(ABOUT THIS EXERCISE)
From the data below, set down exactly the lines between the one holding "Lacoste Joggeur 2.0" and the one holding "WorkforceHub_Logo_Swipeclock_2Color_RGB", inclusive, and no others.

↓

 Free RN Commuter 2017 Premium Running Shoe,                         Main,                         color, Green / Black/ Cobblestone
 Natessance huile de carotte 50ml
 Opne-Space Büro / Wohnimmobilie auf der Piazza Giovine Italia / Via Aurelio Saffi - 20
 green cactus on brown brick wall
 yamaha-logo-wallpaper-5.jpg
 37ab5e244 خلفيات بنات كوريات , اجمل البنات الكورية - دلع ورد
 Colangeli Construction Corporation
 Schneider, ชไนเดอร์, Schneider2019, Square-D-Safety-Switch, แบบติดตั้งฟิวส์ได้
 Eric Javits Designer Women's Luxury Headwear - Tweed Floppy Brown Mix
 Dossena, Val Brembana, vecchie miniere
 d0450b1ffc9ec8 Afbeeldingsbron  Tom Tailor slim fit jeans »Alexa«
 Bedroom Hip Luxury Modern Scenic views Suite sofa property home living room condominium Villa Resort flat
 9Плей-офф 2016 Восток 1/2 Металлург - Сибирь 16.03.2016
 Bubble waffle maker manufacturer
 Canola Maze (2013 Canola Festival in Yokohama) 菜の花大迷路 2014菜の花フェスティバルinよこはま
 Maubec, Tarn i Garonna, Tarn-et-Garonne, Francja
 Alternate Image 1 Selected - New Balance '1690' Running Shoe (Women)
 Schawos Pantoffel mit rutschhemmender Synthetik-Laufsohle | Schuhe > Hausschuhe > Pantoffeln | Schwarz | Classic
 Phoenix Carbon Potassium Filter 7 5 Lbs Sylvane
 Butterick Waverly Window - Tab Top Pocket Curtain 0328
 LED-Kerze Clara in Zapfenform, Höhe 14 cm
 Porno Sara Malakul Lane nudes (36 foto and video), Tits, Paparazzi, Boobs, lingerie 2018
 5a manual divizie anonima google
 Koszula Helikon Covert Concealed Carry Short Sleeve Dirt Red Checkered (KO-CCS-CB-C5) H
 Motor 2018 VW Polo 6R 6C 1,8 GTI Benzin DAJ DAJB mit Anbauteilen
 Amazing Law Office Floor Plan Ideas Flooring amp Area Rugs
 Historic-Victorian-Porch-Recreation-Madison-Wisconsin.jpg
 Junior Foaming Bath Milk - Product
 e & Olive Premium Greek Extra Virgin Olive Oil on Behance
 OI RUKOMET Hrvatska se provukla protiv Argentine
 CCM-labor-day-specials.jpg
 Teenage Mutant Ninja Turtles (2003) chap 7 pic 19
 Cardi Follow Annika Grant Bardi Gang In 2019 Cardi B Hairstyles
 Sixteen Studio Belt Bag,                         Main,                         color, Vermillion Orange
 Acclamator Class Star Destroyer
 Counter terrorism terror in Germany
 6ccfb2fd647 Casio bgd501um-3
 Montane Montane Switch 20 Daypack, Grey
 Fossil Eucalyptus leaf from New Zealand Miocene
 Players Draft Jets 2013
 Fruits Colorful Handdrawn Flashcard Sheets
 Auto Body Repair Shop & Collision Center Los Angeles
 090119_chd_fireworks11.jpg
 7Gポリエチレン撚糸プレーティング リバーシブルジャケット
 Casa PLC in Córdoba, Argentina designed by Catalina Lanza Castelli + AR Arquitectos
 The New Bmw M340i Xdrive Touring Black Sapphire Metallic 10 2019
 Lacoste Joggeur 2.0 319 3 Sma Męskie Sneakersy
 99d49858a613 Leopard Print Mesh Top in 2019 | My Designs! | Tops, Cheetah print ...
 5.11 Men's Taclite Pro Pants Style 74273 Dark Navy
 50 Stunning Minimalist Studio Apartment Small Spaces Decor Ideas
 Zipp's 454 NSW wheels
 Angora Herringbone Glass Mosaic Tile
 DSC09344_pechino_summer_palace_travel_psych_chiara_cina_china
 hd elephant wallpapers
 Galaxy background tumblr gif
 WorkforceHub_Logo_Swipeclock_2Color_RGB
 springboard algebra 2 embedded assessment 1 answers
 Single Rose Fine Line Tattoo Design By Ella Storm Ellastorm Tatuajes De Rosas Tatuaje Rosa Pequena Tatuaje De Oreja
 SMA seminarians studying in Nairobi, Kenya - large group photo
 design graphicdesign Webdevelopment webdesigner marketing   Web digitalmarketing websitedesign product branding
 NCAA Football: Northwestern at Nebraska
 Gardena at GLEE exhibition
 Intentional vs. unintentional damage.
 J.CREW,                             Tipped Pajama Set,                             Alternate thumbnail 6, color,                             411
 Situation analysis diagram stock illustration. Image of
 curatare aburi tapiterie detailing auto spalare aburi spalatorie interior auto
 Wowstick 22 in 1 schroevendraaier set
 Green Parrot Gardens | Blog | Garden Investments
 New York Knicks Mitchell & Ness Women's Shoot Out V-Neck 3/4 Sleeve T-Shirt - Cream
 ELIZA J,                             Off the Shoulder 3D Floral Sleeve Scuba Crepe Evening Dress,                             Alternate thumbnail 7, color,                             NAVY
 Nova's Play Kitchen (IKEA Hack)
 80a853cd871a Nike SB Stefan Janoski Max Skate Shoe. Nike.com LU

↑

(TASK RESPONSE)
 Lacoste Joggeur 2.0 319 3 Sma Męskie Sneakersy
 99d49858a613 Leopard Print Mesh Top in 2019 | My Designs! | Tops, Cheetah print ...
 5.11 Men's Taclite Pro Pants Style 74273 Dark Navy
 50 Stunning Minimalist Studio Apartment Small Spaces Decor Ideas
 Zipp's 454 NSW wheels
 Angora Herringbone Glass Mosaic Tile
 DSC09344_pechino_summer_palace_travel_psych_chiara_cina_china
 hd elephant wallpapers
 Galaxy background tumblr gif
 WorkforceHub_Logo_Swipeclock_2Color_RGB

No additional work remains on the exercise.